I pushed it on a new Vec<Vec<i64>> called sequences, which I used to track all the new lists I created for each individual list in my input.

After reading each line, I started my search for a list with all zeroes (with a quick helper function all_zeros()):

// Which list in the sequence are we currently working on
let mut count = 0;

// Start running the sequences until the last one is all zeros
while !all_zeros(&sequences[count]){
    let mut next: Vec<i64> = vec![];
    for x in 1..sequences[count].len(){
        next.push(sequences[count][x] - sequences[count][x-1]);
    }
    sequences.push(next);
    count += 1;
}

If the current list isn’t all zeros, I create a new list called next to hold the differences between each of the numbers in the previous list. When done, I push that list onto sequences and increment my count to keep track of which is the current list.

Once I have all these lists built, I can start figuring out the next values in each:

// Use this to track the last number in each sequence
let mut last = 0;

// Now we can work bacwards
for y in (0..count).rev(){
    let l = sequences[y].len();
    last = sequences[y][l-1] + last;
}
sum += last;

Rather than tack on a new value to each list, I opted to keep track of the last number in the current sequence, starting with 0. Working backwards, I get the last list in sequences and add it’s last value to last. I keep moving up until I run out of lists to process — at this point, last is the predicted value of the initial list I needed to find. I add that final value to sum, and were done.

Part 2

Of course, predicting the future is easy — ask any 16th century French astrologer. Predicting the past is where the real money is at.

For part 2, instead of adding a new value to the end of each list, you add it to the beginning, starting with your zero list. Again, add up all the new first values and report them for a final answer.

Part 2 Approach

Had I actually appended a new number to the end of each list in part 1, then this would have been a costlier challenge. It’s likely I would have followed that same logic to try to insert a new number onto the front of each Vec<i64>, which is a time-consuming operation (see why below).
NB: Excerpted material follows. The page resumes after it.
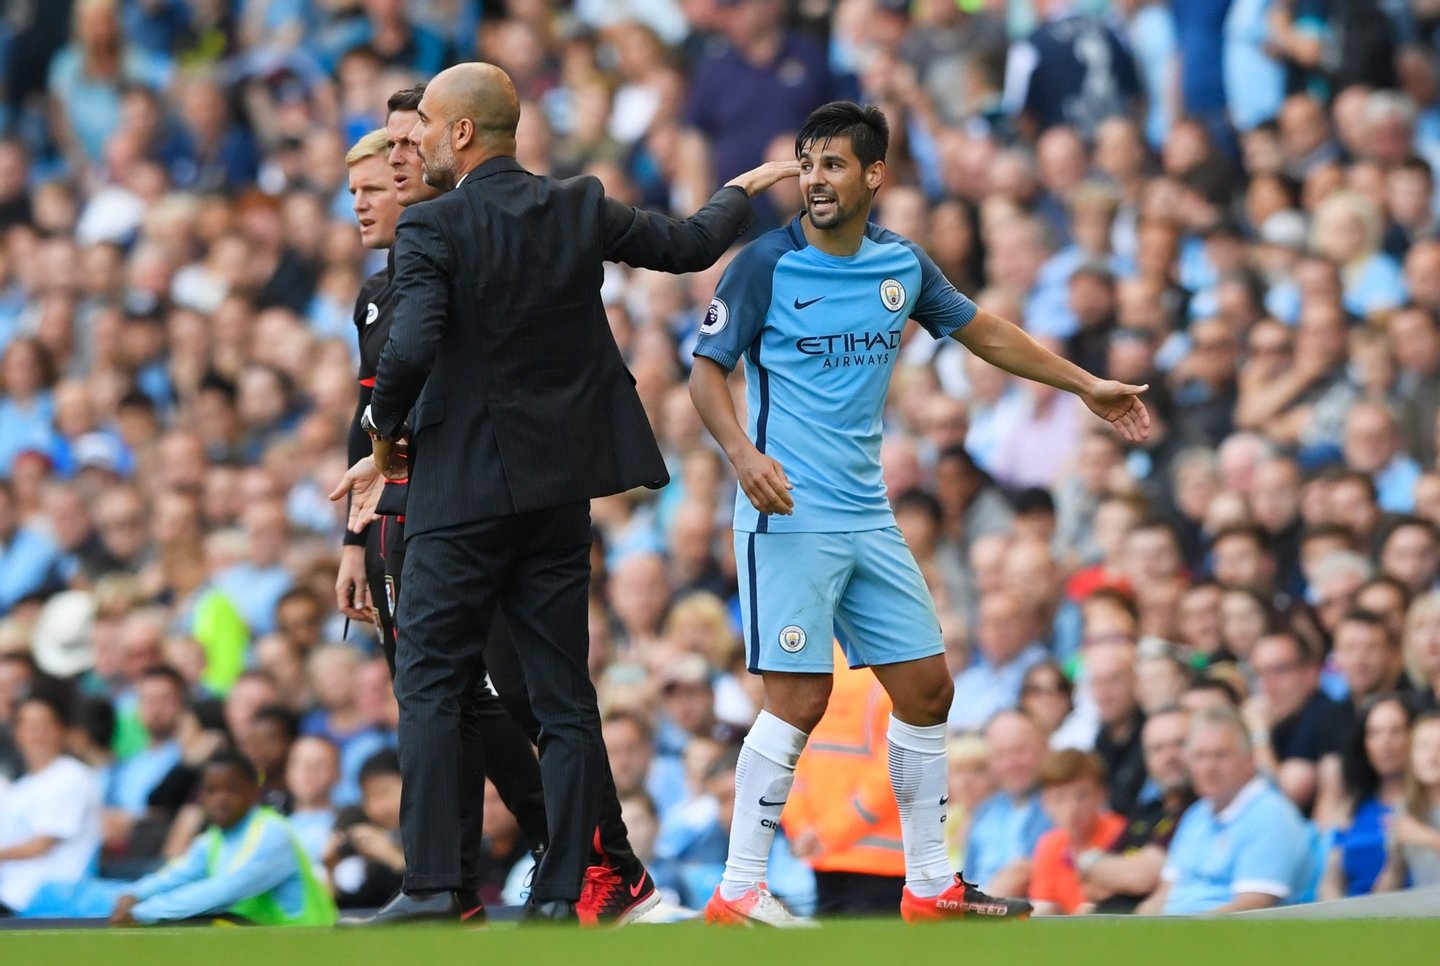 MANCHESTER, ENGLAND - SEPTEMBER 17: Josep Guardiola, Manager of Manchester City reacts to Nolito of Manchester City getting sent off during the Premier League match between Manchester City and AFC Bournemouth at the Etihad Stadium on September 17, 2016 in Manchester, England. (Photo by Stu Forster/Getty Images)
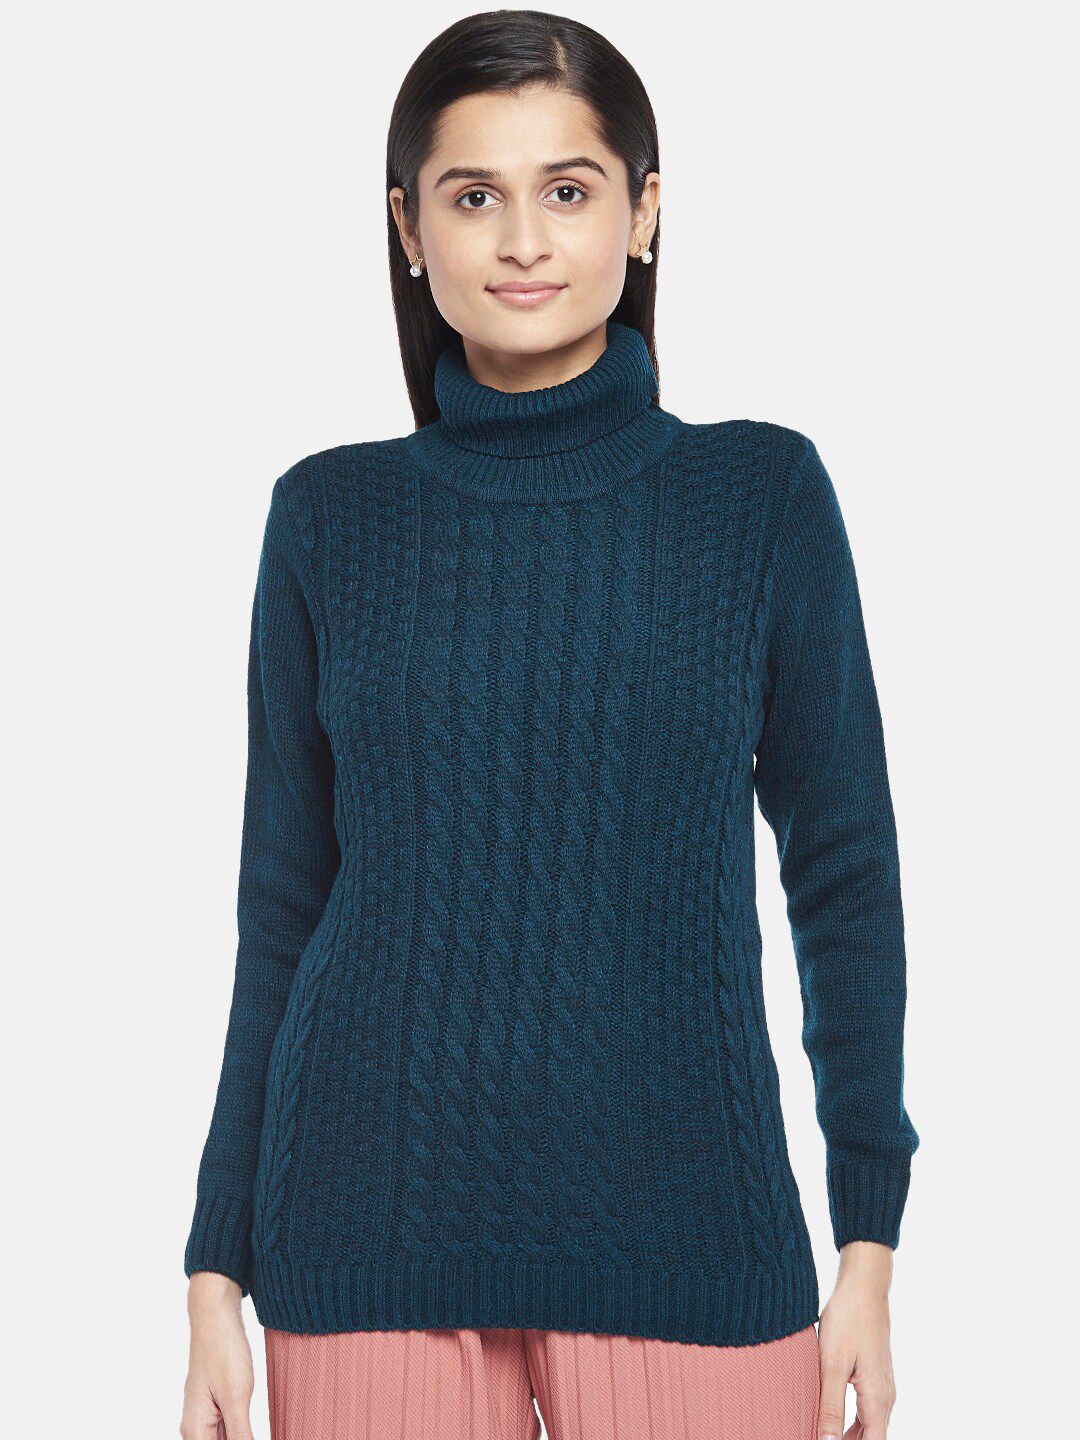 Honey by Pantaloons Women Teal Blue Cable Knit Pure Acrylic Pullover Price in India

As it stands, my technique of simply keeping a running value of last in part 1 worked well for part 2. After generating sequences in the exact same way, I used the cunningly named first to track the first numbers for each list, sutracting it from the first value in each list because we are working backwards:

// Use this to track the first number in each sequence
let mut first = 0;

// Now we can work bacwards
for y in (0..count).rev(){
    first = sequences[y][0] - first;
}
sum += first;

This was so easy, I almost felt I was cheating.

But why would it have been more costly to add a new value to the front of an array? To answer that, it helps to know a little about how Vec<> values are stored in memory.

Vec Layout

Most of this section is an oversimplification of what actually happens, but it will suffice to explain why inserting data at the front of a Vec is costlier than appending it at the end.

In Rust, Vecs have three parts:

  1. A pointer (or reference for you Java folks) to the memory block containing the data for the Vec.
  2. A capacity indicator showing how big the memory block is.
  3. A length of how many elements are in the memory block.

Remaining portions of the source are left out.